#### Required work
Your output should be everything below from the line containing "Adapta-Bench® - Blue" down to the line containing "3rd Edition CRO", both ends included, copied exactly, with pictures left out.

#### The input
──────────────────────────────

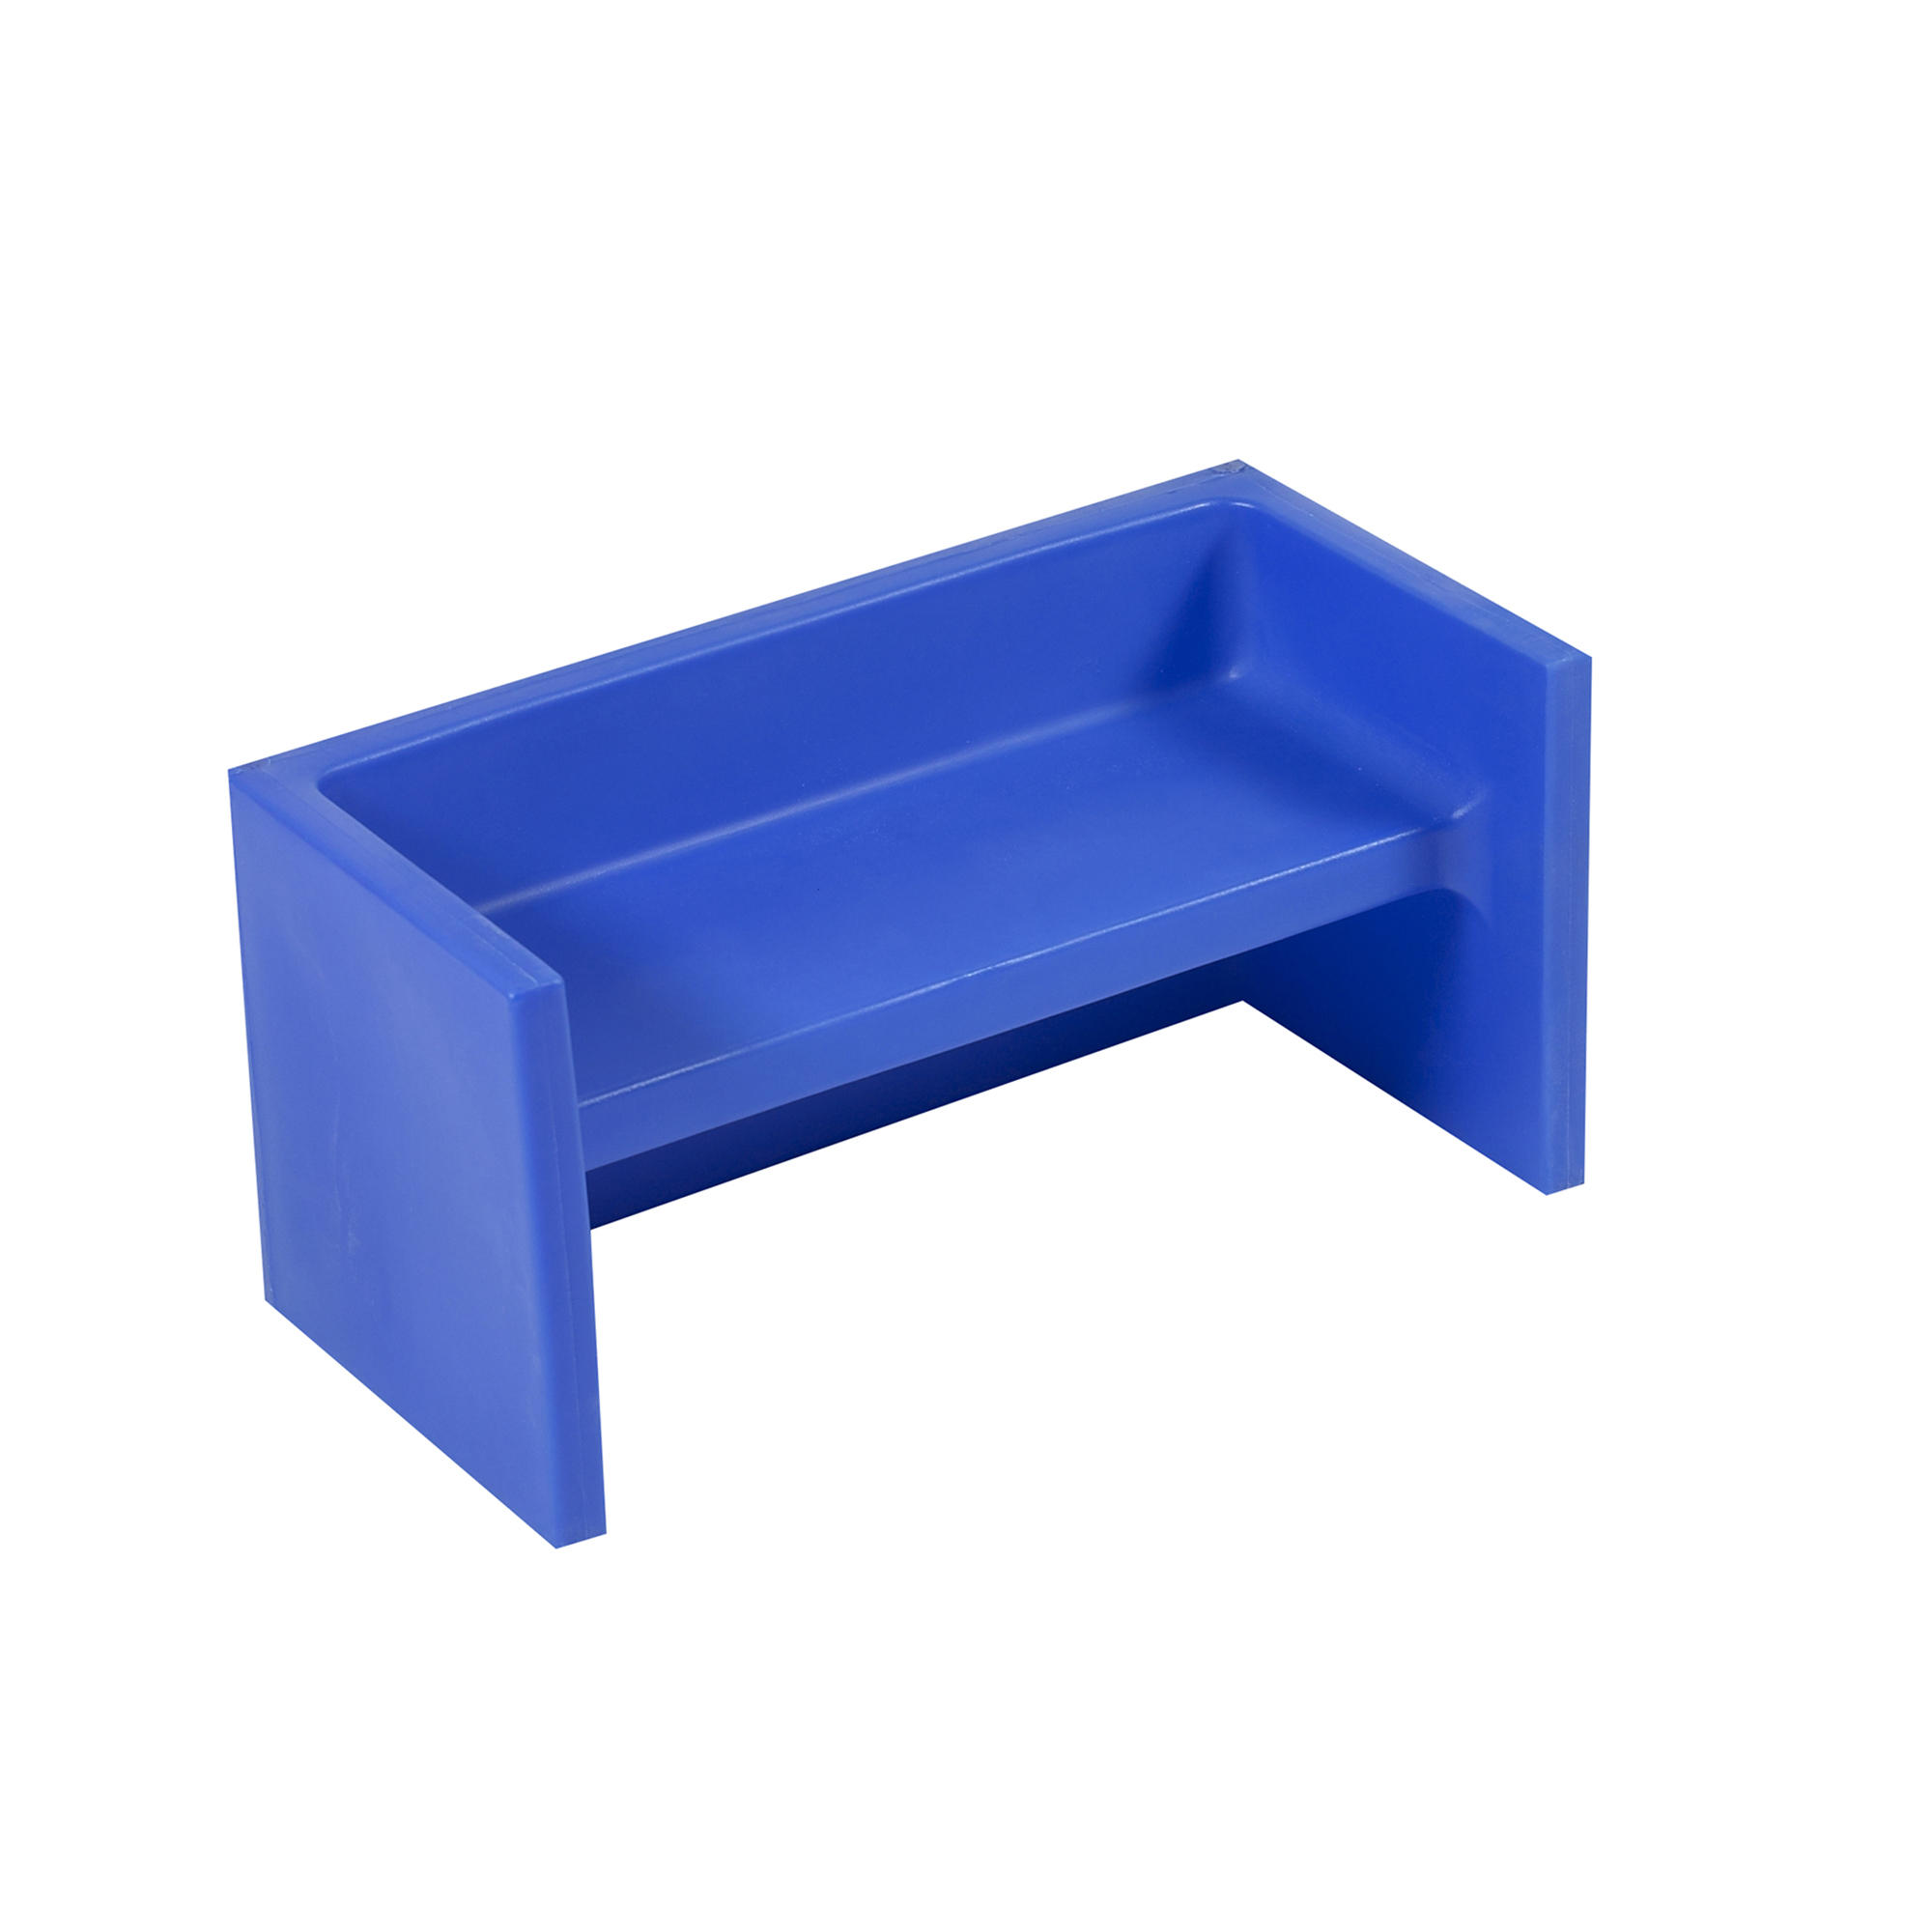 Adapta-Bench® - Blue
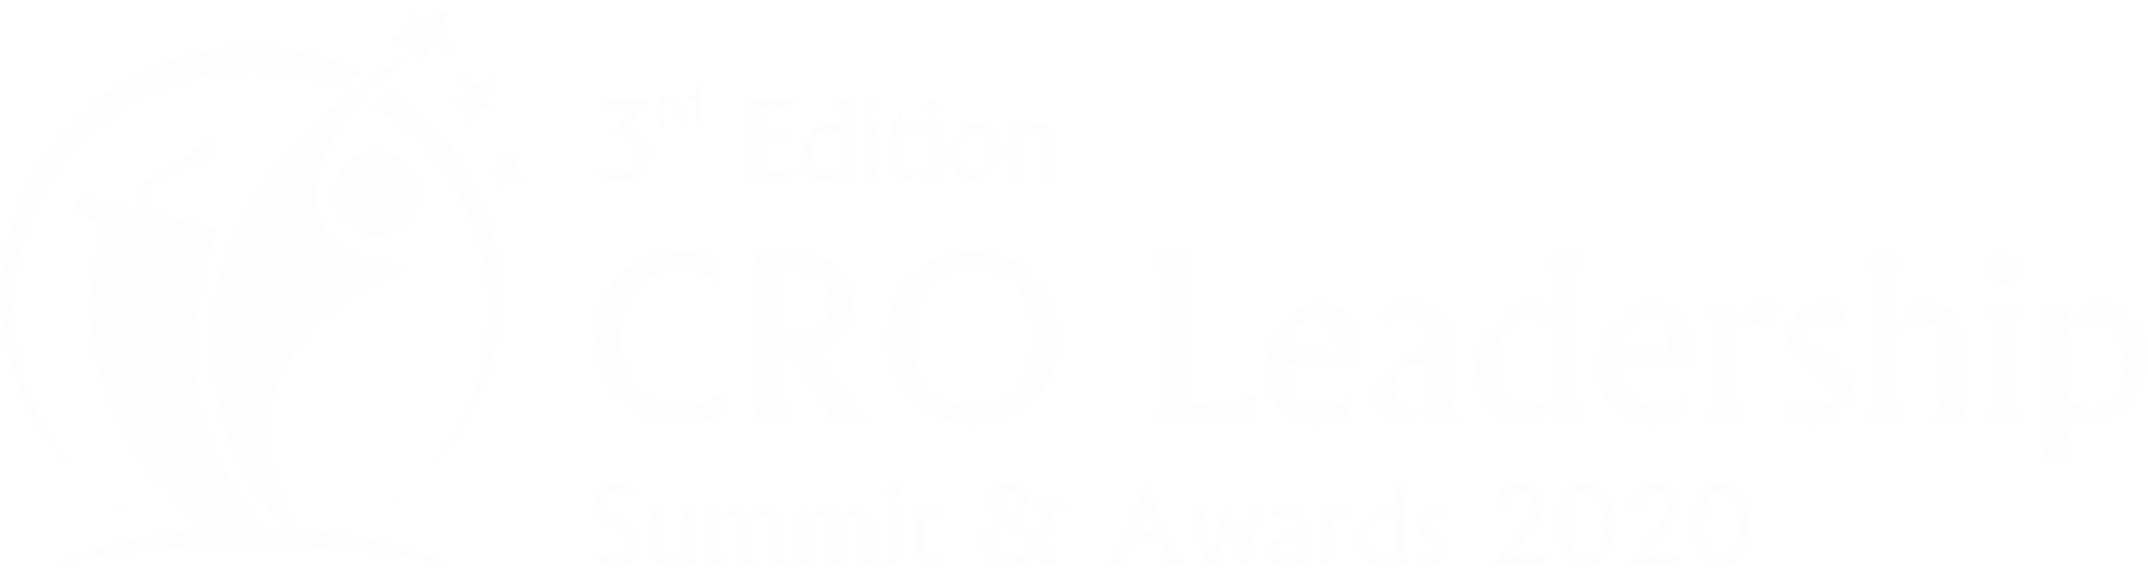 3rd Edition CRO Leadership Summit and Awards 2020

──────────────────────────────

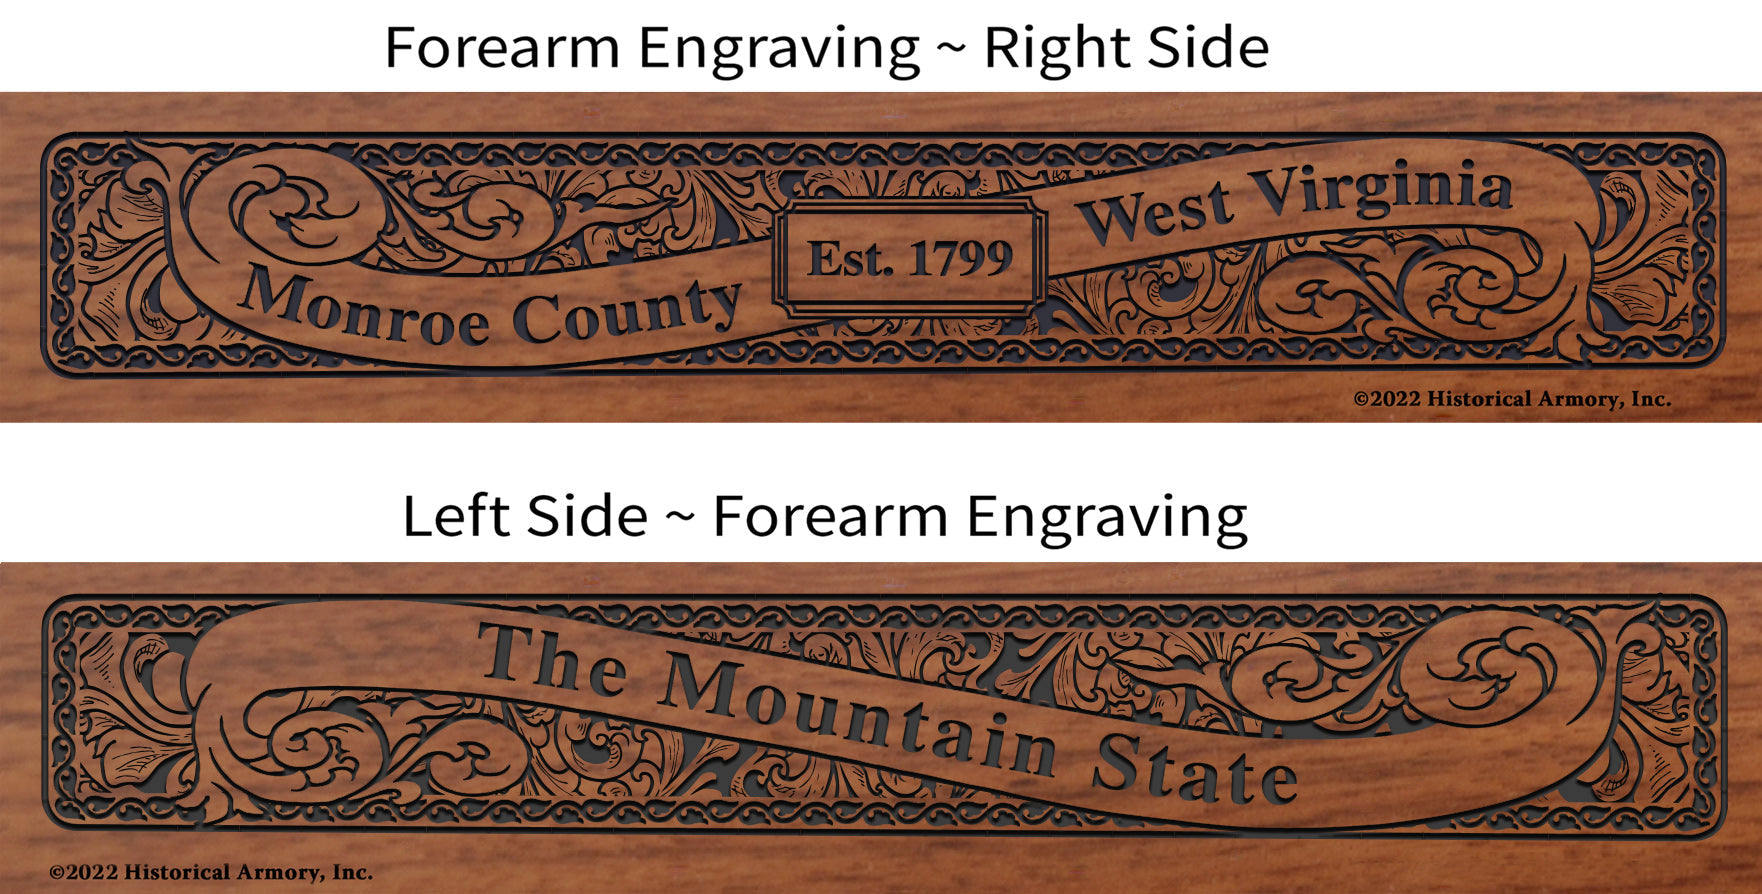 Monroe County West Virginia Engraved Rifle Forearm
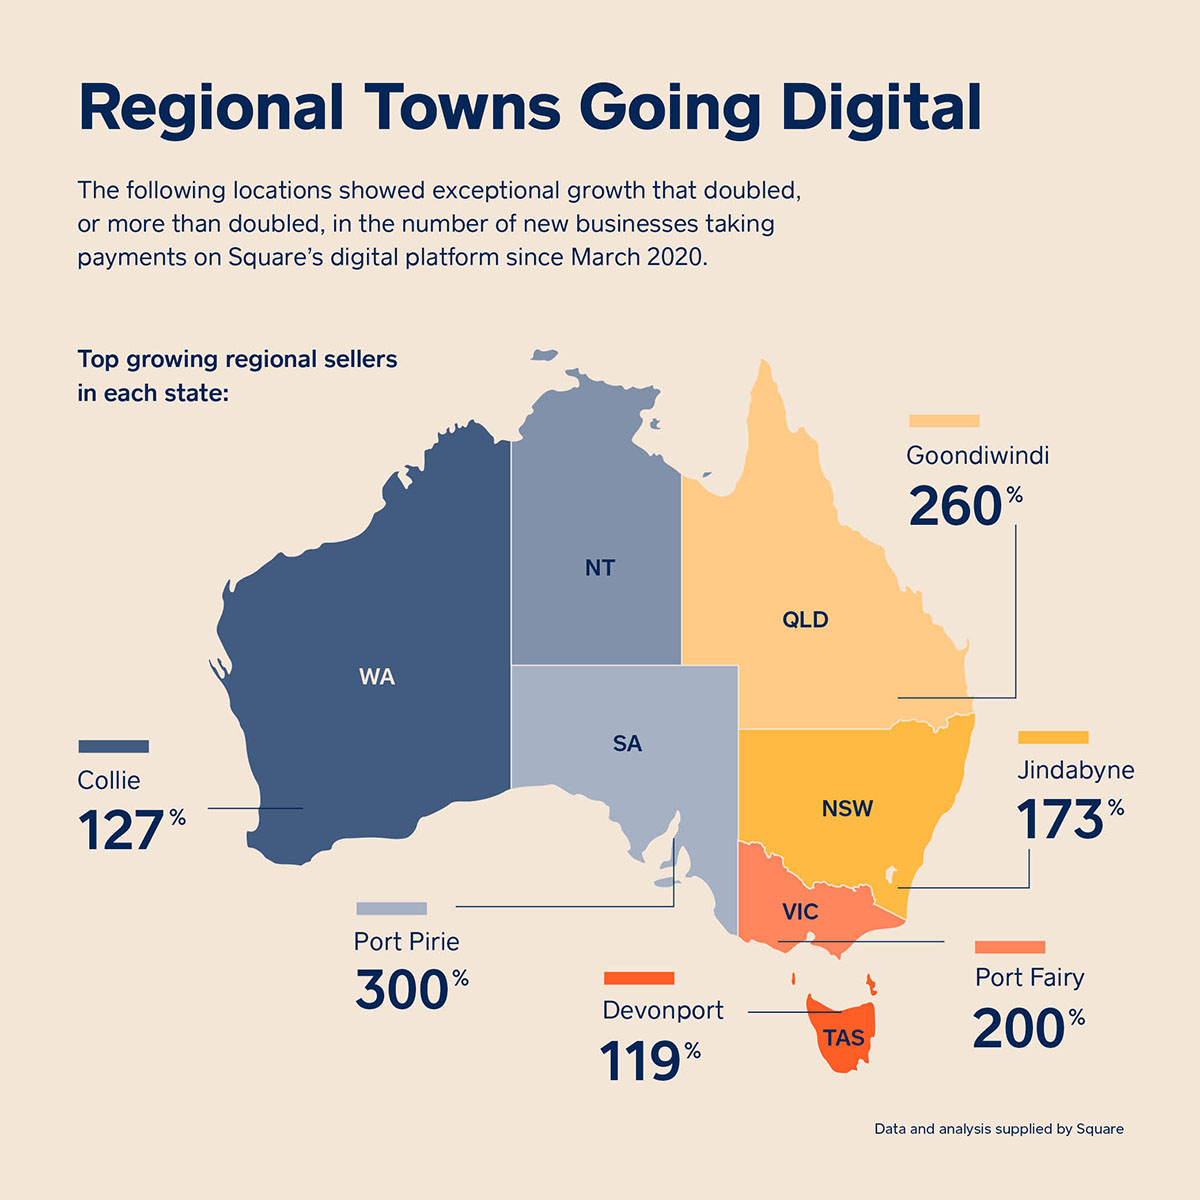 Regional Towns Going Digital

──────────────────────────────

#### Result below
 Adapta-Bench® - Blue
 3rd Edition CRO Leadership Summit and Awards 2020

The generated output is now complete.